GIVEN DATA: Begin

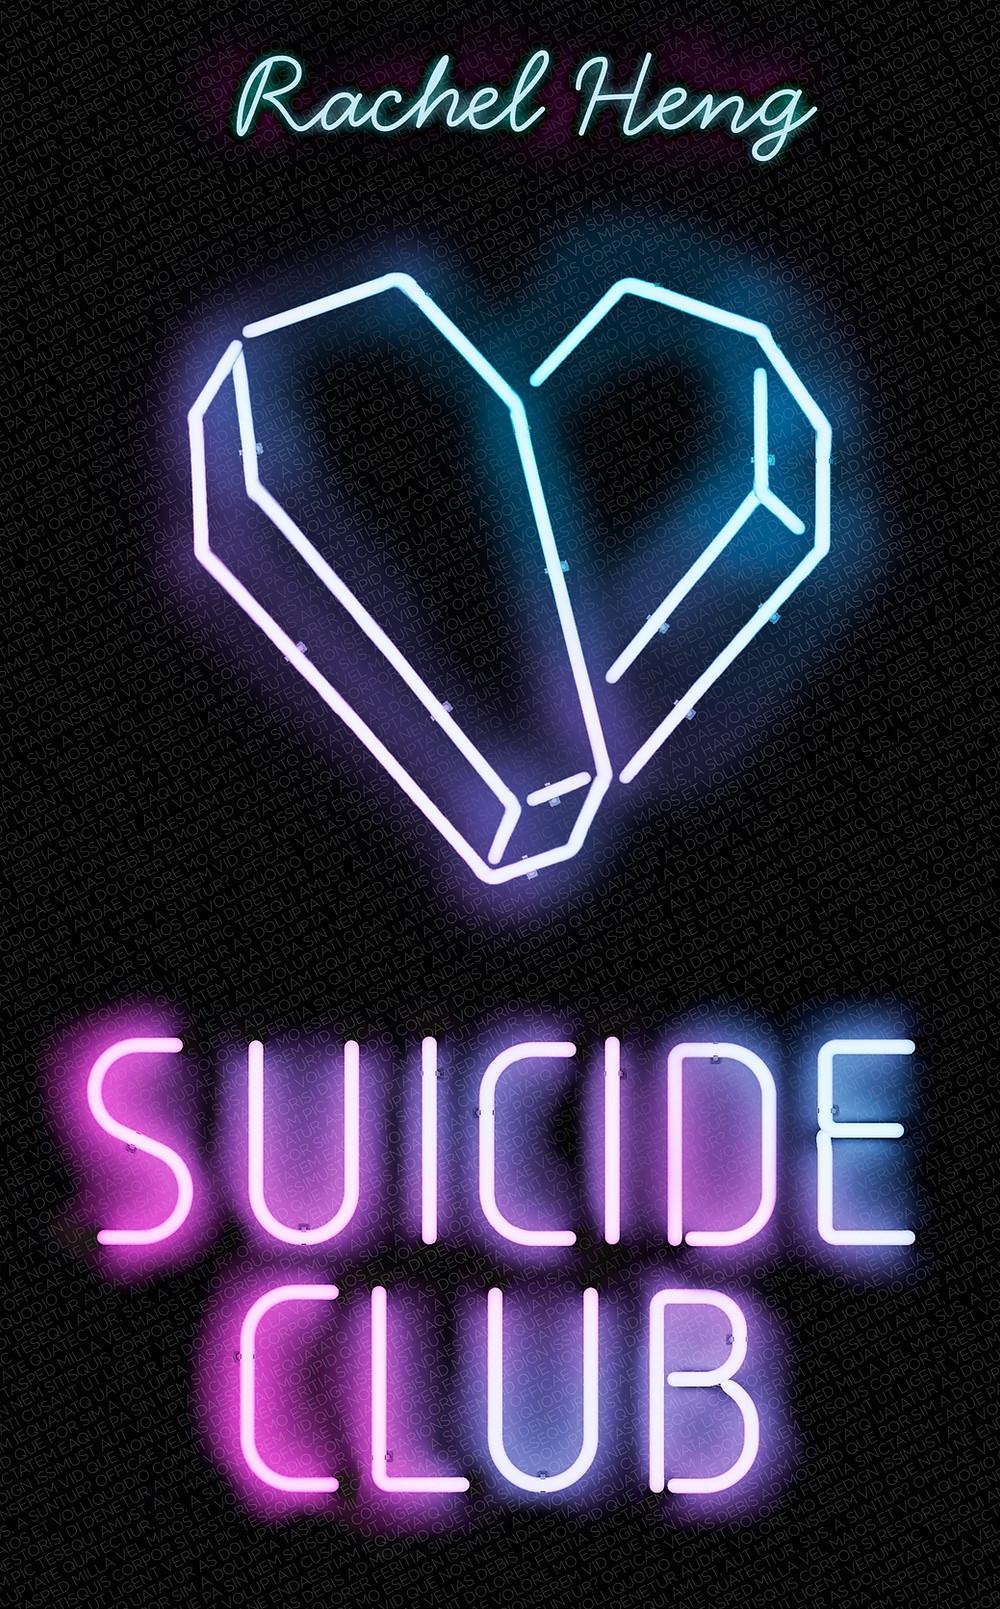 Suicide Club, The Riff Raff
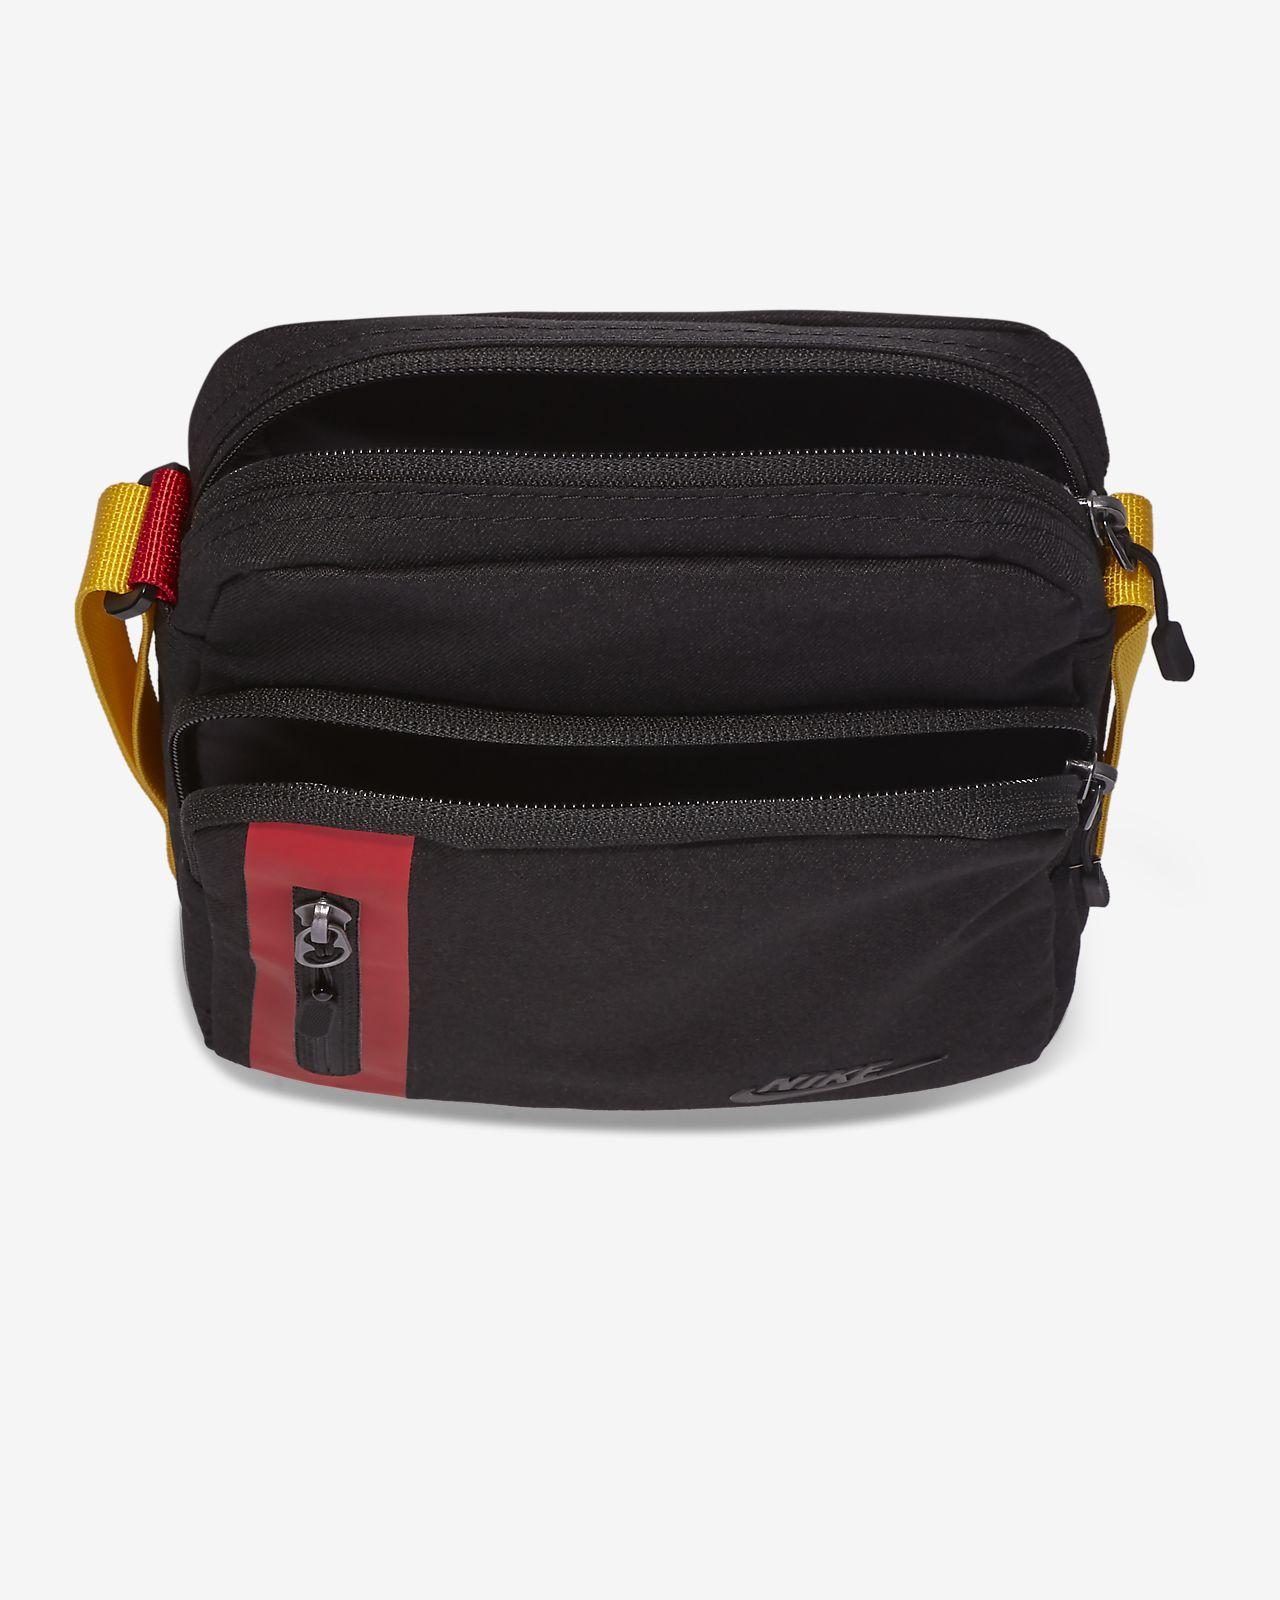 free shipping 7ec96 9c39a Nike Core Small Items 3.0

GIVEN DATA: End
GIVEN DATA: Begin

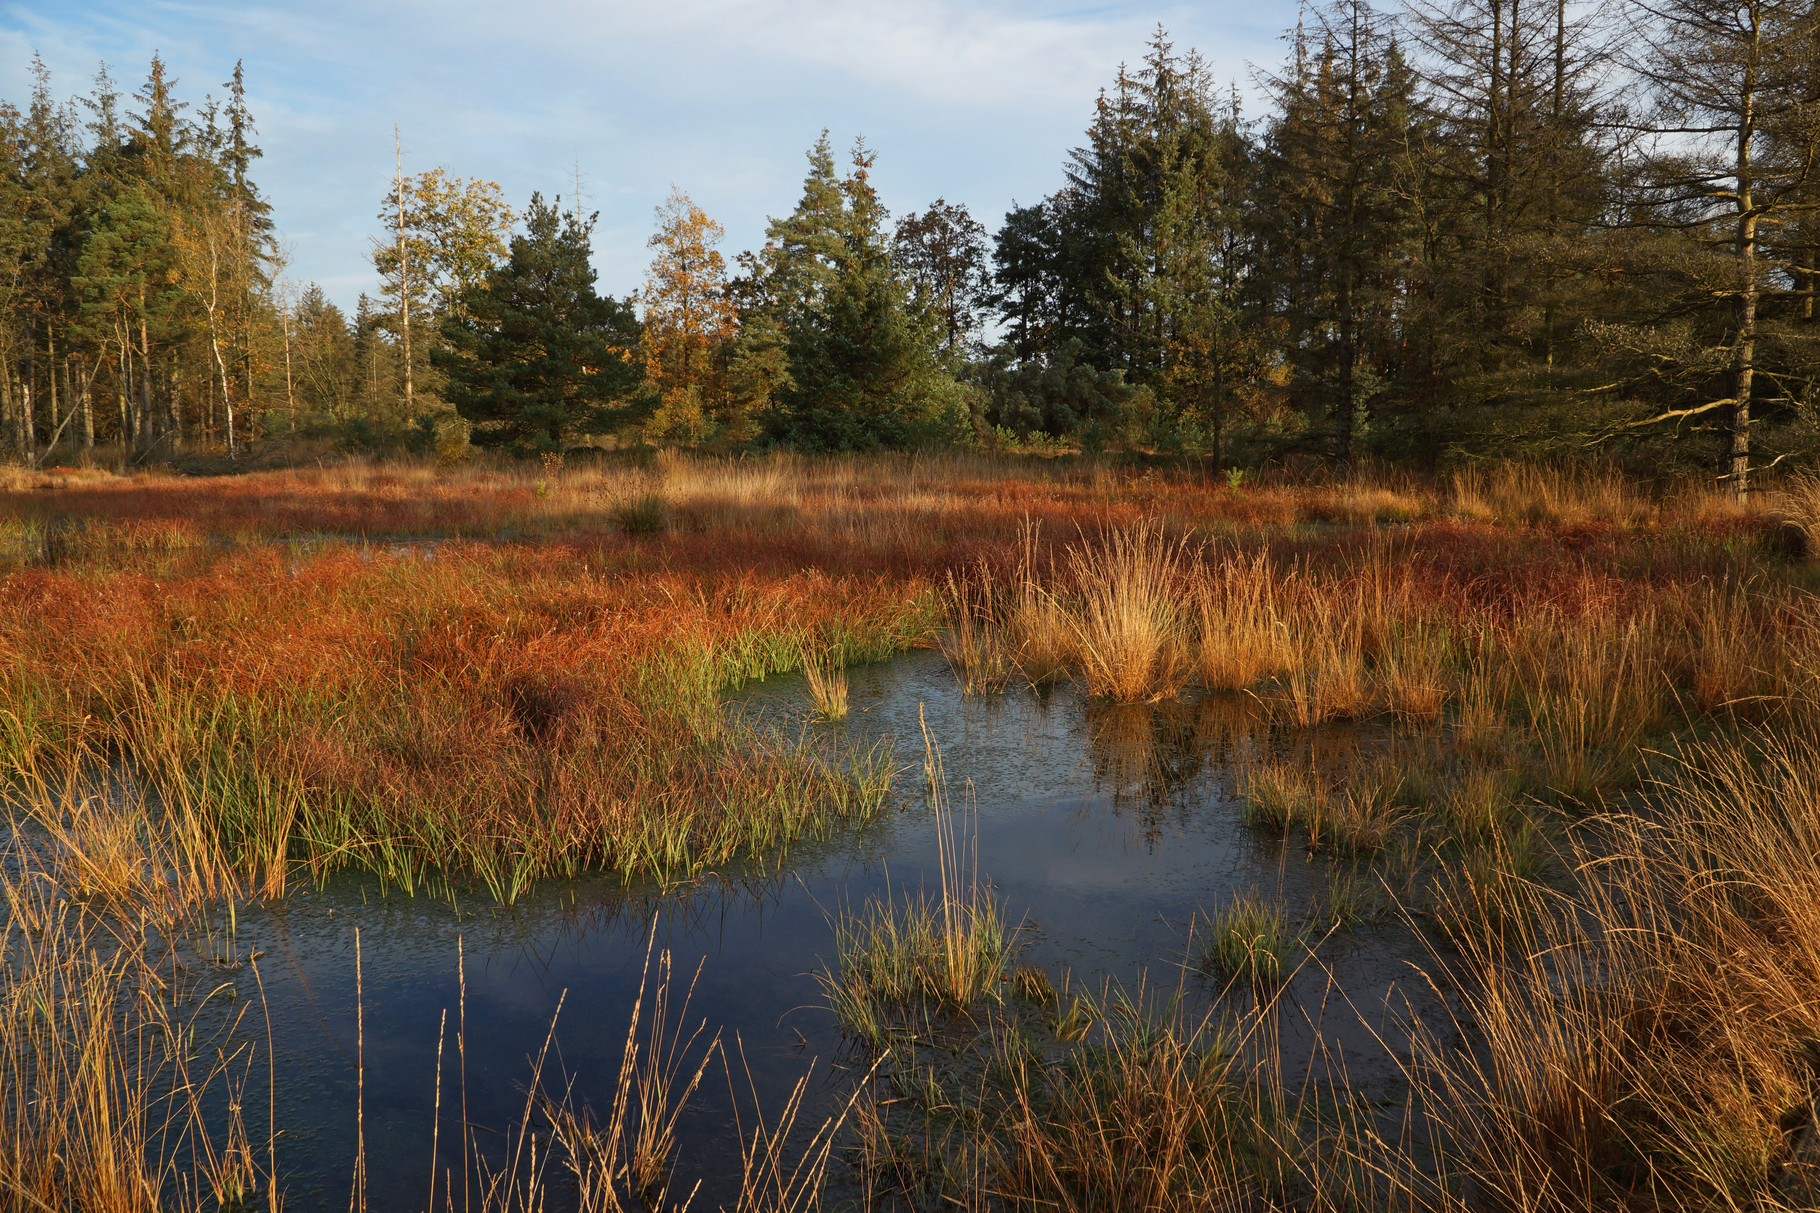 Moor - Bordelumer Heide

GIVEN DATA: End
GIVEN DATA: Begin

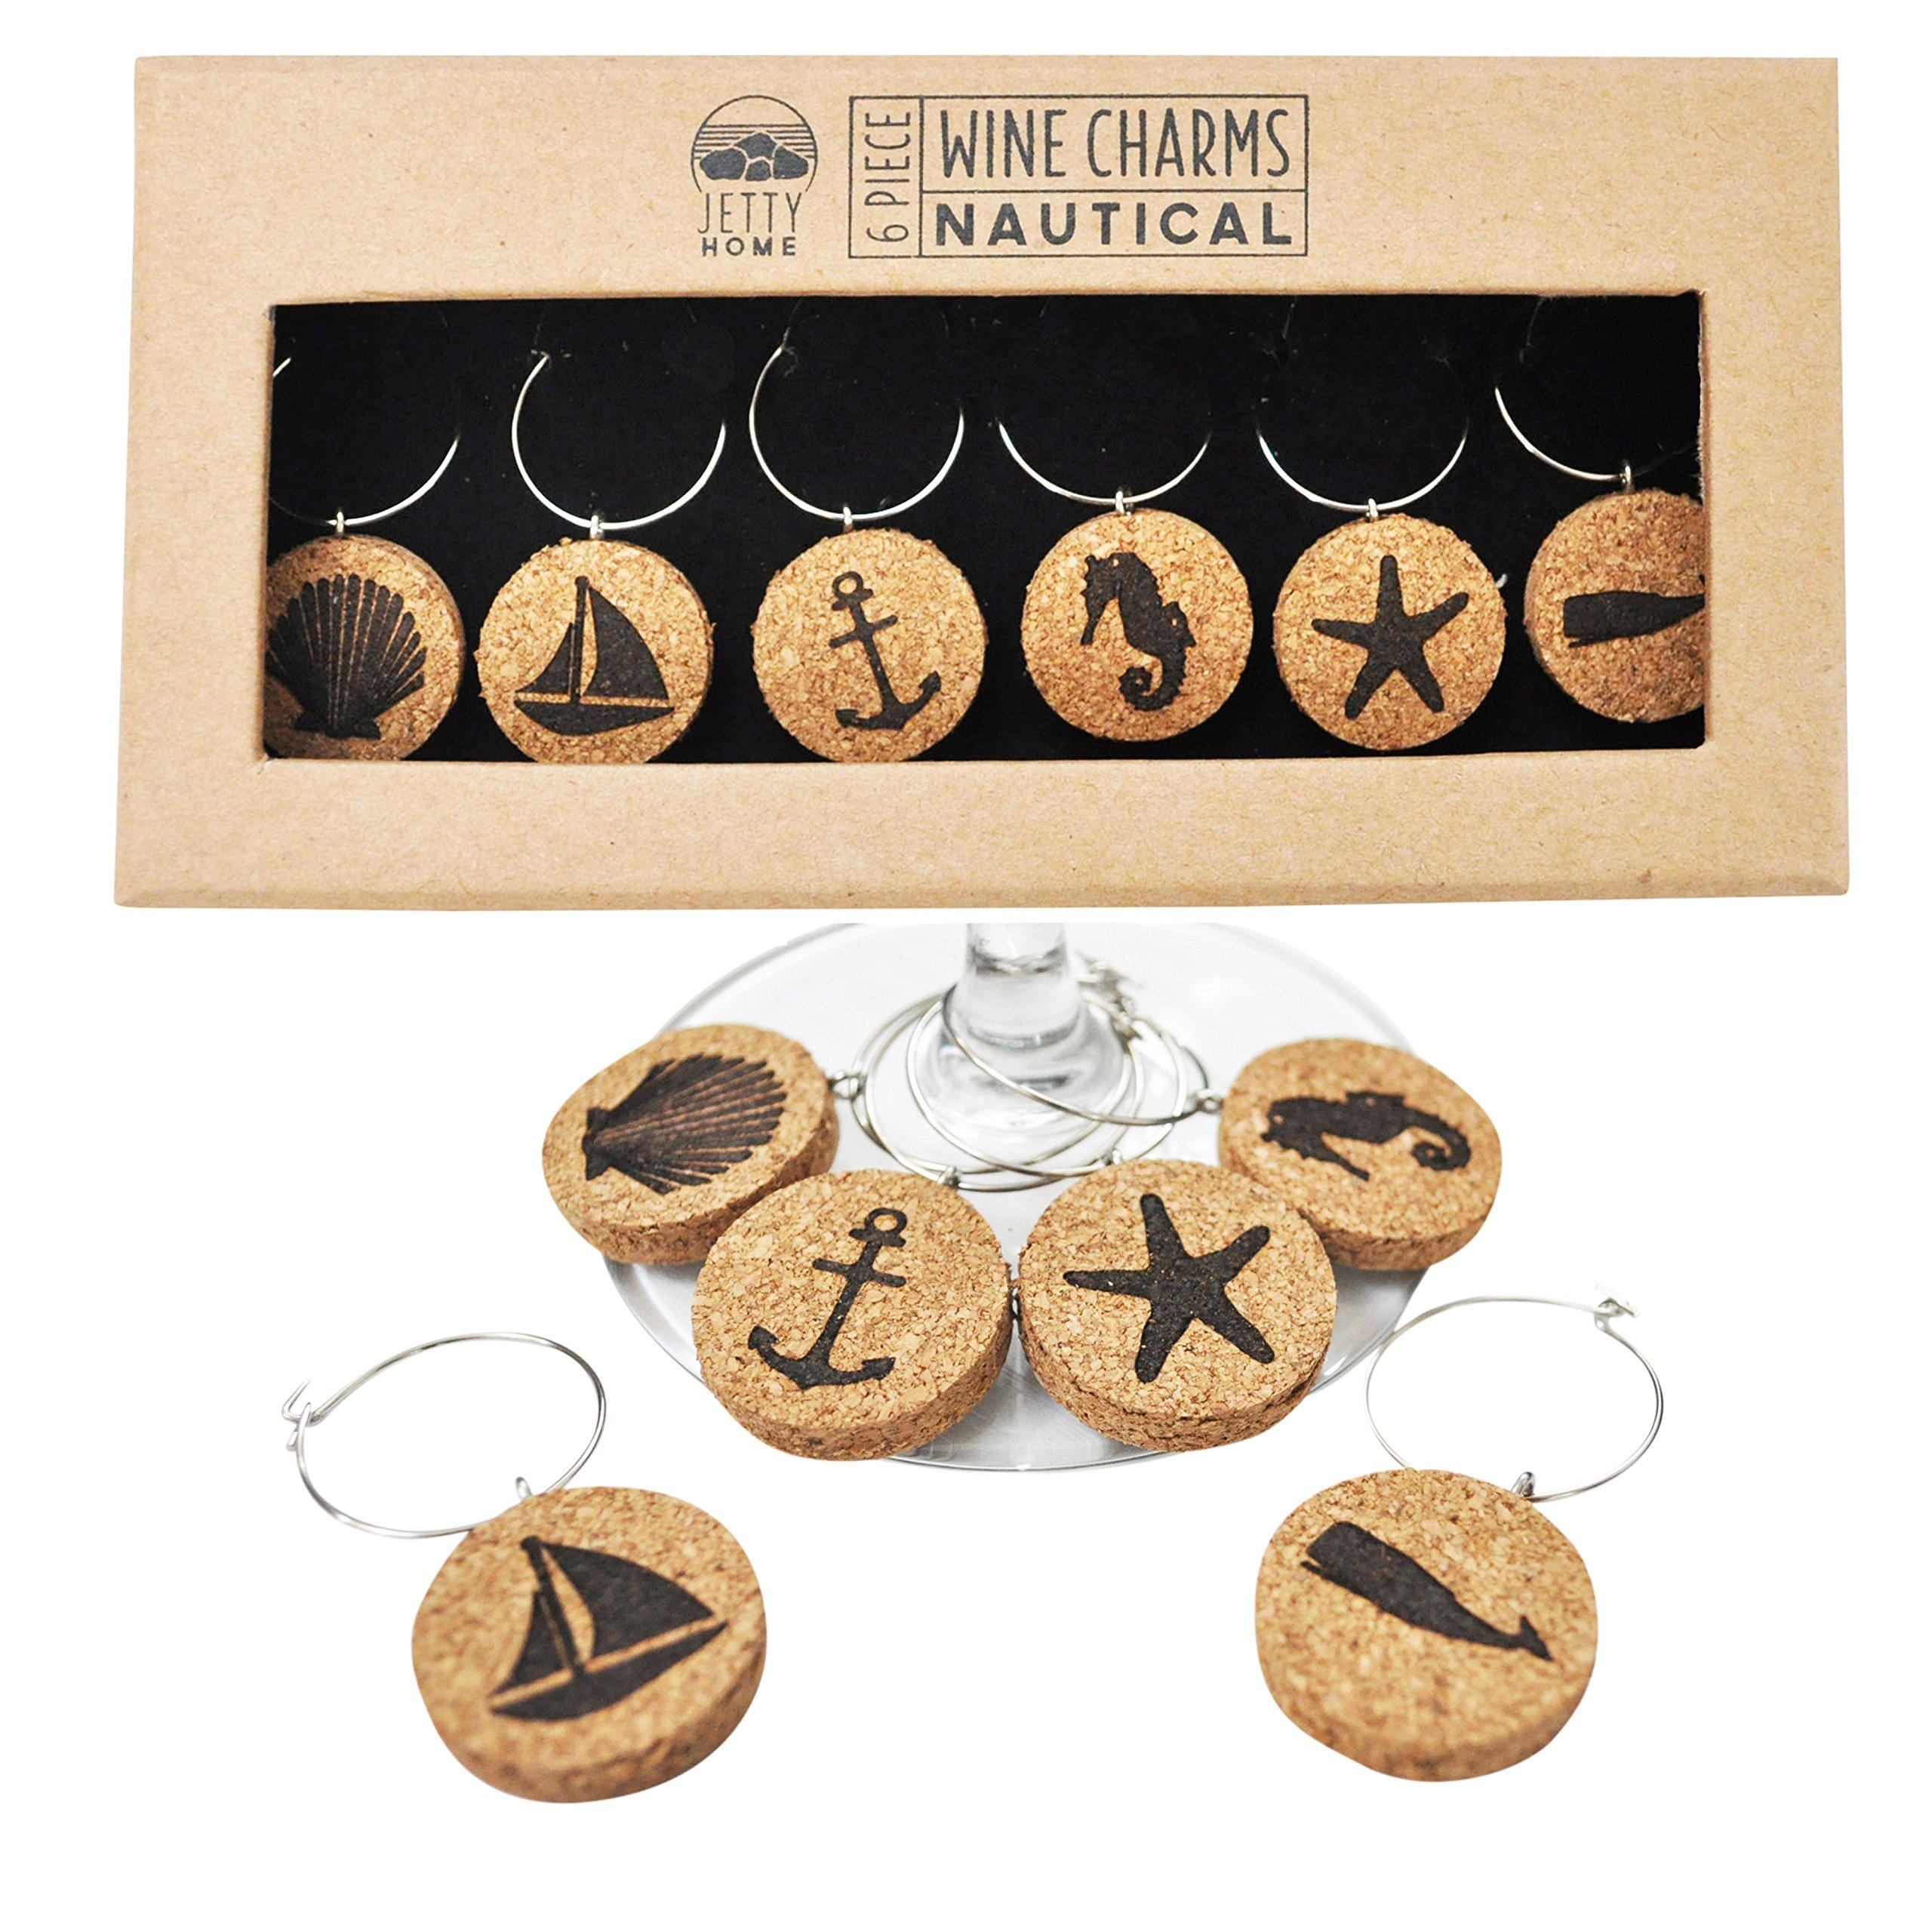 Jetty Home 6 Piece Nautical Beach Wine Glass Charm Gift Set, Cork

GIVEN DATA: End

EXERCISE INSTRUCTIONS: In the entries above, find the line containing "Suicide Club, The Riff Raff" and the line containing "free shipping 7ec96"; give again exactly those two lines and every line between them, minus the pictures.

EXERCISE RESPONSE:
 Suicide Club, The Riff Raff
 free shipping 7ec96 9c39a Nike Core Small Items 3.0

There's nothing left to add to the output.